The Goal of These Myths: To Shame, Stigmatize, and Disincentivize Workers from Applying for Benefits they Earned
It is difficult to know how many people who are eligible for unemployment insurance have actually given up on applying or never even tried to apply. According to a survey by the Economic Policy Institute conducted in April, for every 10 people who successfully filed for unemployment insurance during the previous four weeks, up to four additional people could not gain access to the system to make a claim, and two didn’t even go through the trouble because it was too hard.
There are those who don’t apply because they don't believe they’re qualified for benefits—a common belief that’s prevalent among Black and Latinx workers.
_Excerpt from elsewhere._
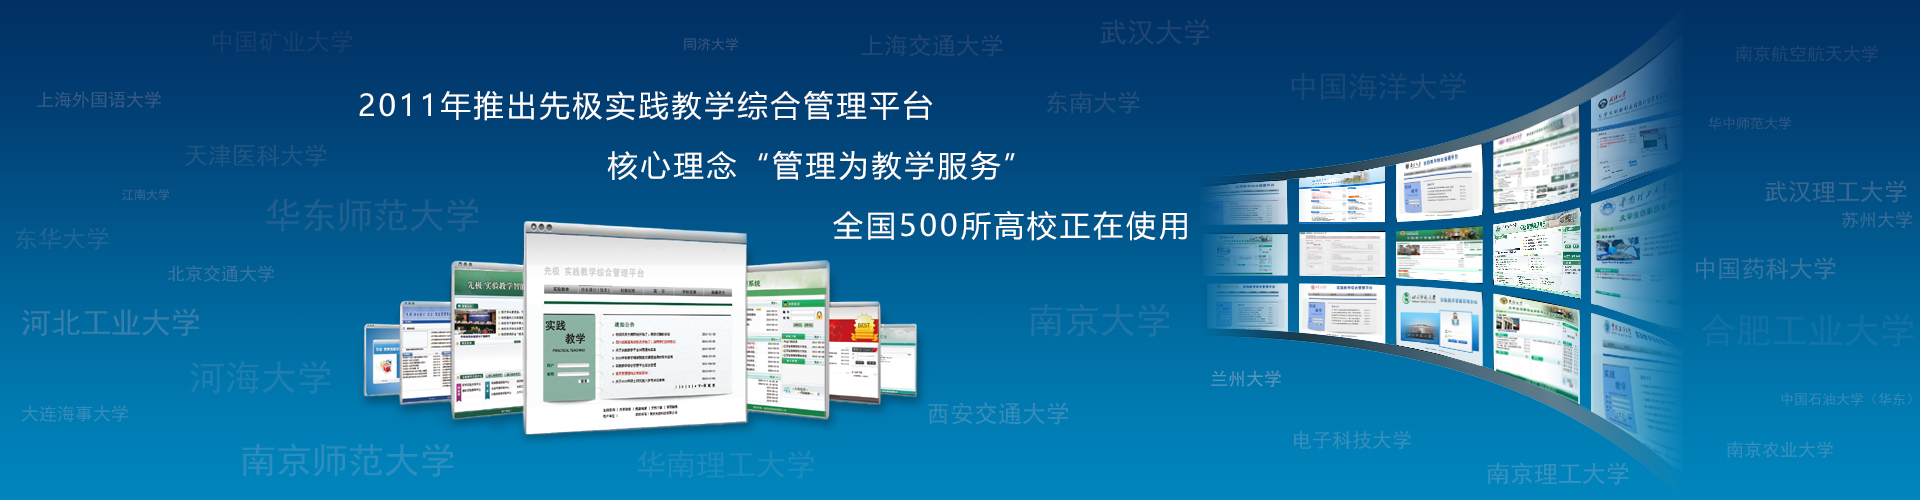 关于当前产品49c彩票登陆·(中国)官方网站的成功案例等相关图片
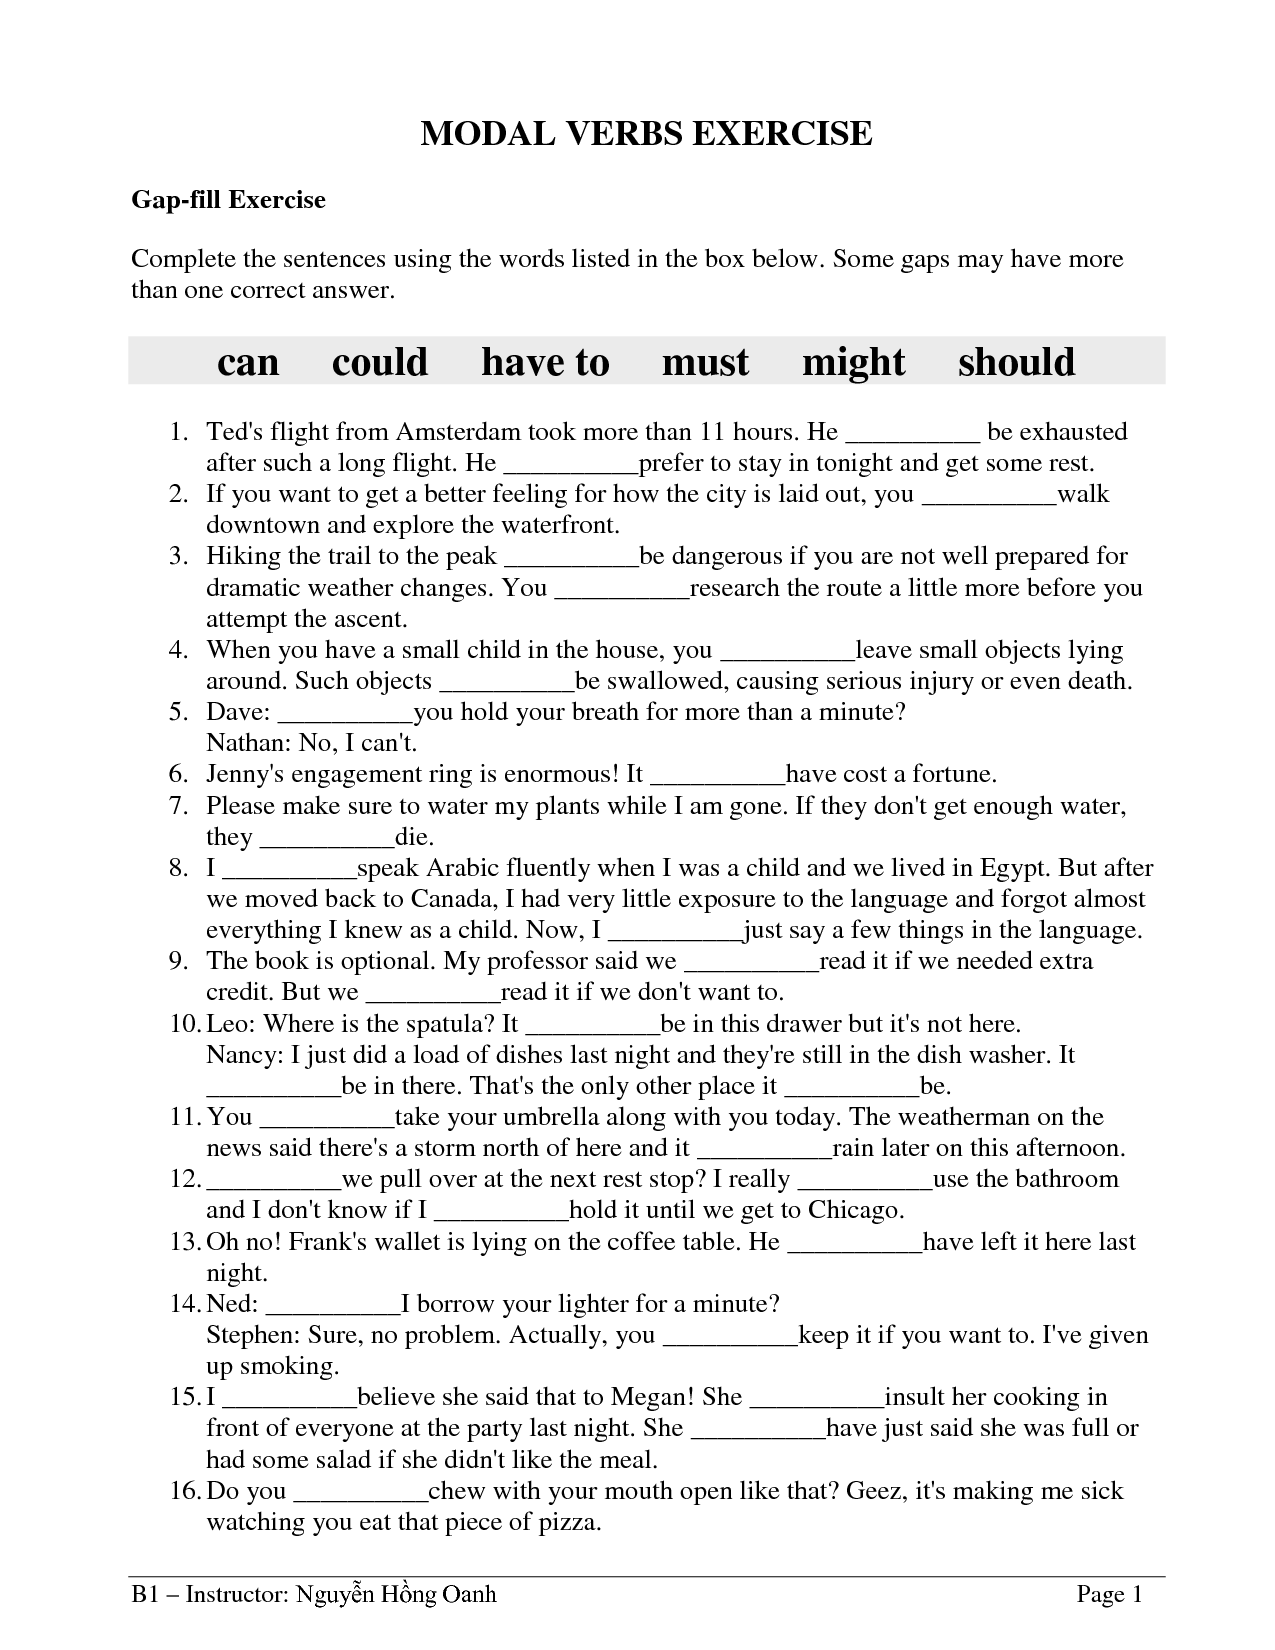 Worksheet For Class 7 English Grammar Modals

Working America’s digital canvassing program (through targeted emails, text messages, and phone calls) found that about 52 percent of Black workers who are eligible didn’t even know about the new federal benefits and the expanded eligibility requirements. But most of all, among Black and Latinx workers, “there is a feeling that the program is for them, not for me,” said Rebecca Dixon, executive director at NELP, in an interview with our team.
Some of our interviewees felt a stigma attached to being unemployed and filing for assistance. “The process is humbling,” said Ryan, a finance manager from Lexington, Ky. Furloughed in March, he still quickly applied through Kentucky’s Office of Unemployment Insurance website with the help of a friend and received his first payment by early April. “I'm not used to asking for help, more so used to giving that help. I felt anxious stepping out into the unknown.”
Ryan is anxiously waiting to be called back to work, though his employer has begun reopening. So far, they’ve called back a select few in his department, which has raised some concerns for him. He still holds on to his faith. “They know I’m a person of faith, so you know, they’ll call me.”